A large planet such as Jupiter is needed to keep smaller planets from forming

Nov 2, 2012 23:31 GMT  ·  By

Asteroids aren't exactly thought of as the harbingers of life. In fact, it's quite the opposite, asteroids are what killed the dinosaurs and countless other species before them and it's what killed humankind in more Hollywood flicks than you can count.

But a new theory says that asteroids may be more important to life than thought before. In fact, they may be crucial and may be a determining factor in whether a planet develops life or not, especially advanced or intelligent life.

For one, asteroids bring water and organic material to nascent planets, creating the conditions for life to appear. Furthermore, asteroids may actually spur evolution, by literally stirring things up.

A huge asteroid hitting a planet creates new conditions to which life must adapt to by evolving, this is called the punctuated equilibrium theory.
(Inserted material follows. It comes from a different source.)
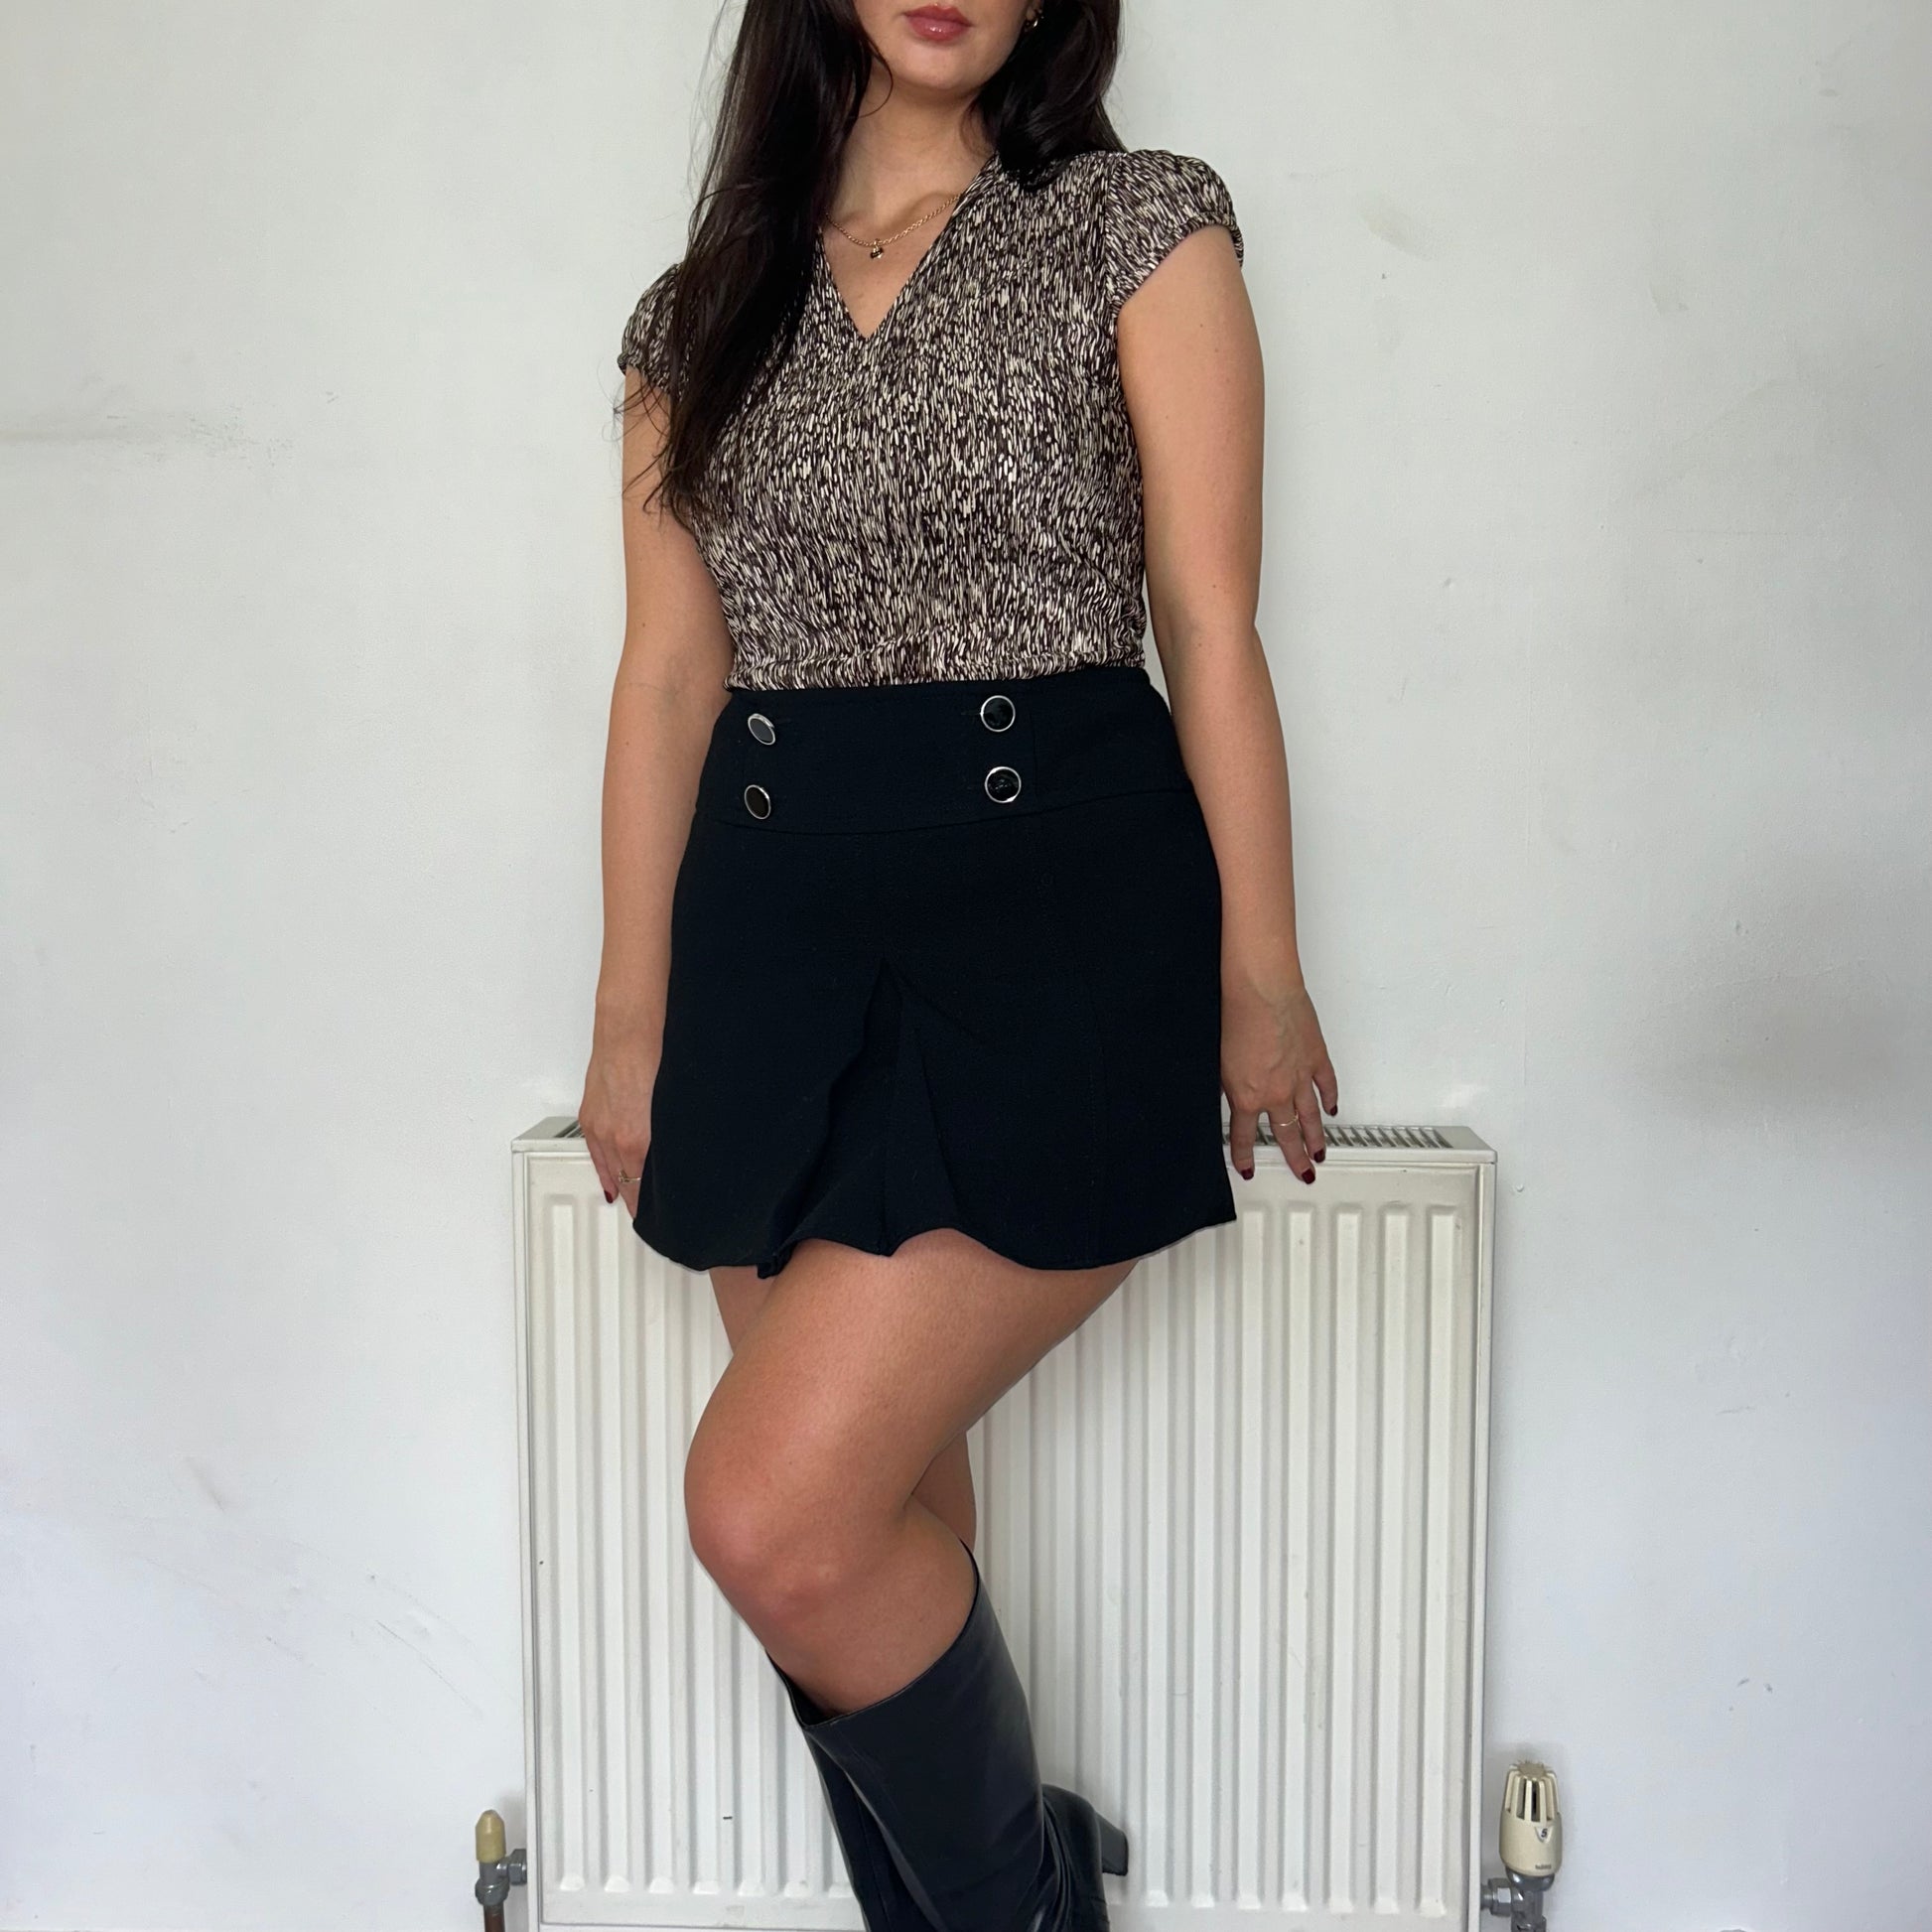 brown and beige short sleeve blouse shown on a model wearing a black mini skirt and black boots

The Monthly Notices of the Royal Astronomical Society is publishing a paper by Rebecca Martin, a NASA Sagan Fellow from the University of Colorado in Boulder, and astronomer Mario Livio of the Space Telescope Science Institute in Baltimore, Md which suggest that asteroid belts at just the right distance are crucial for life.
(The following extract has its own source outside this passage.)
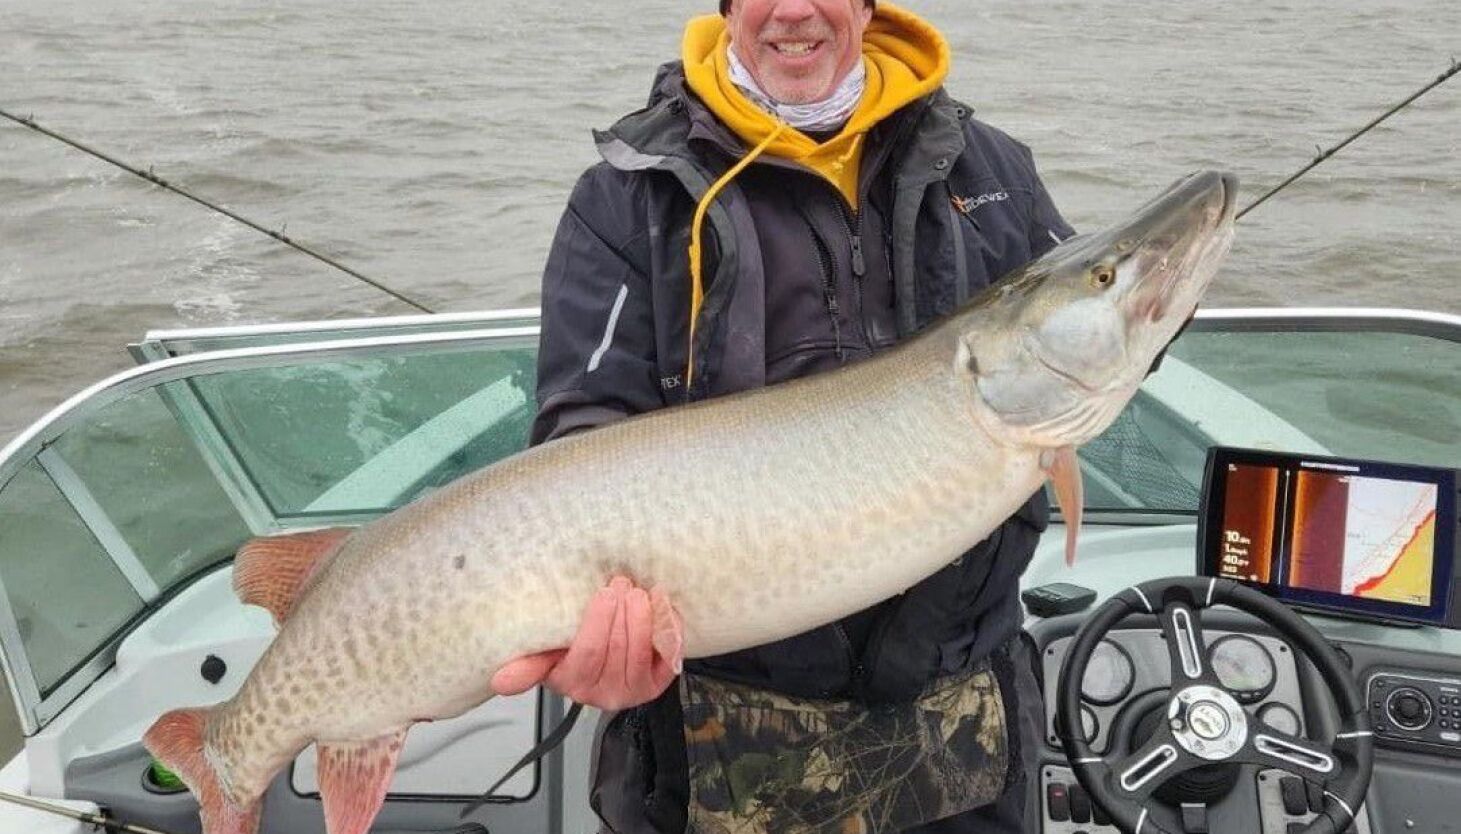 The enormous muskie, caught fishing in a walleye tournament, is the surprise fish of a lifetime

"Our study shows that only a tiny fraction of planetary systems observed to date seem to have giant planets in the right location to produce an asteroid belt of the appropriate size, offering the potential for life on a nearby rocky planet," Martin, the study's lead author, said. "Our study suggests that our solar system may be rather special."

They put together several theoretical models and, along with historical data, concluded that life needs a Jupiter-sized planet and the asteroid field it creates, by not enabling smaller planets to form due to its huge gravity, to flourish.

In fact, the conditions have to be just right, a planet that is too small, or too far away, or that moves too much or too little would be inappropriate.

"To have such ideal conditions you need a giant planet like Jupiter that is just outside the asteroid belt [and] that migrated a little bit, but not through the belt," Livio explained.

"If a large planet like Jupiter migrates through the belt, it would scatter the material. If, on the other hand, a large planet did not migrate at all, that, too, is not good because the asteroid belt would be too massive. There would be so much bombardment from asteroids that life may never evolve."